Sunday, 16 April 2023

When a don is shot dead under police escort on live TV in UP

 

 
 
 

Dear Express Reader,

 

The murder of don-politician Atiq Ahmed and his brother, Ashraf, in police custody, at point blank range, live on camera, by three assailants, in Prayagraj on Saturday, is the chilling new twist in a brutish crime drama. No uplifting triumph of law, no eventual redemption, seems visible or possible at the end of this story.

 

Earlier, on Thursday, the police "encounter" of Atiq's son Asad Ahmed and an aide in Jhansi, had become Encounter No 183 on the watch of the six-year-old Yogi Adityanath government in UP. 

 

It was also the third police encounter in the Umesh Pal murder case, and the third in the first 13 days of April. With the killing of Atiq and Ashraf, six of the accused in the case have been killed so far - four by the police in encounters and two, by assailants, in police custody.         

 

In the wake of this Saturday after that Thursday, there are urgent questions. If two men under police protection can be murdered so brazenly, who is safe, and what does it say about the Yogi government's tall claims about UP's law and order machinery? What kind of a police force shoots to kill and maim, again and again, in cold blood, cocking a snook at the criminal justice system it is part of, and due process? How is it that a police force that showed itself so trigger-happy on Thursday did not fire a single bullet on Saturday? 

 

But there is a larger political context which could decide whether or not, and in what manner, the above questions will be framed in UP. It could determine whether these questions will be overtaken by a political narrative that wreaks a disquieting inversion: In which the killings, both by the police and by others as the police stood by, are seen not as the problem, but as part of the solution. 

 

The background to this Thursday and Saturday is made of the fact that Chief Minister Yogi Adityanath has repeatedly and forcefully commended the lengthening list of encounters by UP Police.
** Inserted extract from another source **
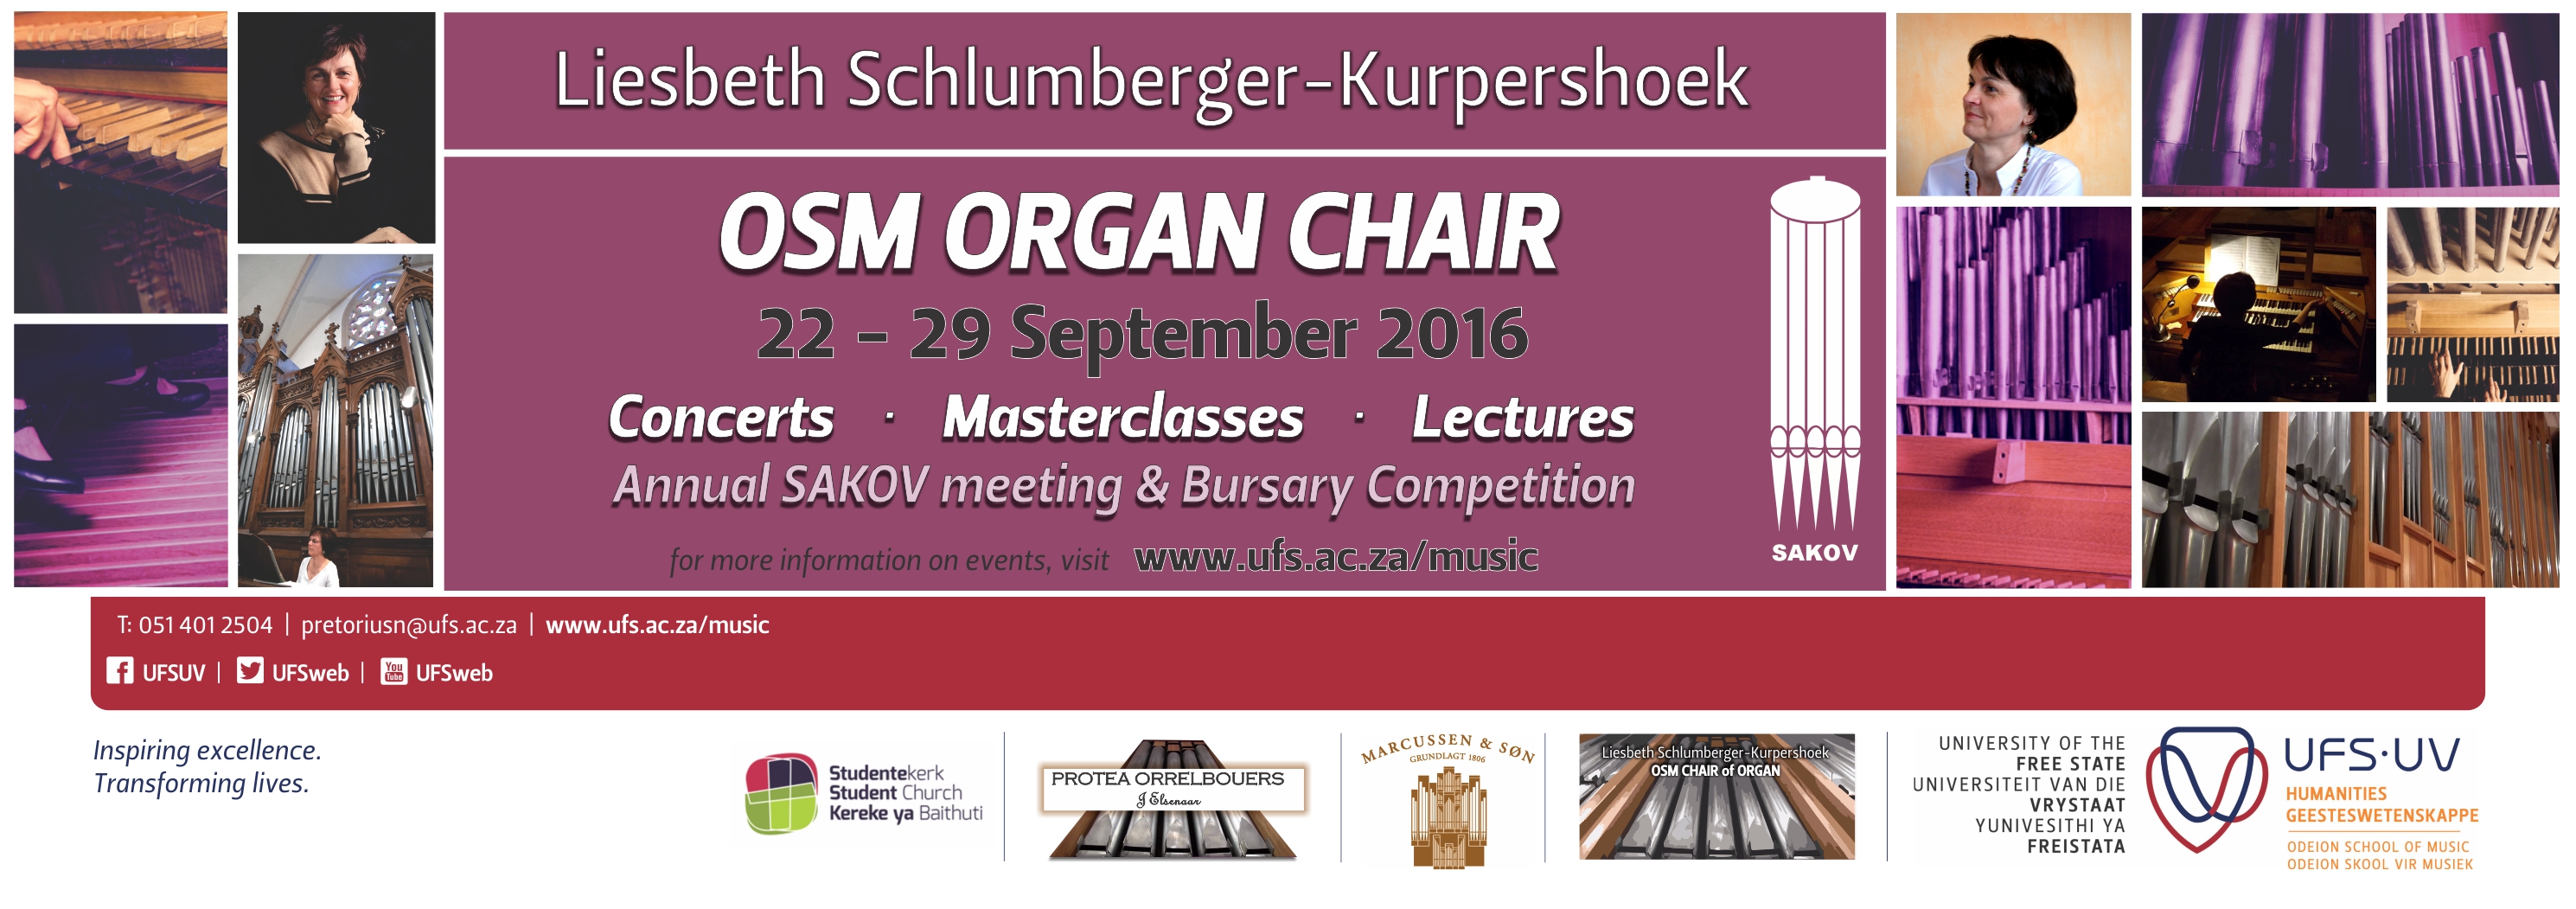 Liesbeth Schlumberger Organ Chair events 2016 finaal

He has sought to normalise them in a "thok denge (we'll knock them down)" narrative of muscular governance that redefines the fundamental relationship between "vikas (development)" and "suraksha (safety/security)", "shaastra (rulebook)" and "shastra (weapons/violence)".

 

Not surprisingly, then, even as the UP government has ordered a judicial probe in the events on Saturday, UP ministers have all but declared the case closed. Jal Shakti minister Swatantra Dev Singh tweeted: "Paap aur punya isi janam mein hota hai (sin and virtue are accounted for in this lifetime)". And Suresh Khanna, minister of finance and parliamentary affairs, described it as an "aasmani faisla (cosmic decision)" that everyone must accept.

 

The backdrop to this Thursday and Saturday also folds in an earlier time in UP. It includes the fact that many of those being killed in police encounters are history-sheeters, and that some earlier regimes sought to establish their secular credentials not by ensuring equality of opportunity for the minority community, or by protecting the spaces for it to be heard, but by allowing the lumpen elements within it to flout the law and get away with it - and be seen by the majority to get away with it too. 

 

The context to the latest shoot-outs, then, is also made of popular support for, or at least lack of visible popular resistance to, the Yogi government's progressively hardening model of rule in UP - from clamping down on individual protesters by sending them legal notices and attaching their properties to shrinking public platforms for parties of the Opposition. From longer and more frequent imposition of Section 144 to still political activity on the ground to the use of the bulldozer and encounters to short-circuit the process of justice.

 

In the process, crucial lines are being wilfully and dangerously blurred - between mafia and crime on the one hand and identity and community on the other. Amid the larger coarsening, the police, by actively participating in the killing on Thursday, and appearing to stand by on Saturday, is reinforcing a chilling message of no institutional recourse.   

 

The events of last week have resurrected difficult questions about rule of law, politics and impunity in UP. The answers may not show on the scoreboard for the local body polls due next month, they may not be found either in the tallies in Lok Sabha elections due next year. 

 

There is no alternative, perhaps, to a deeper and longer look within, in UP.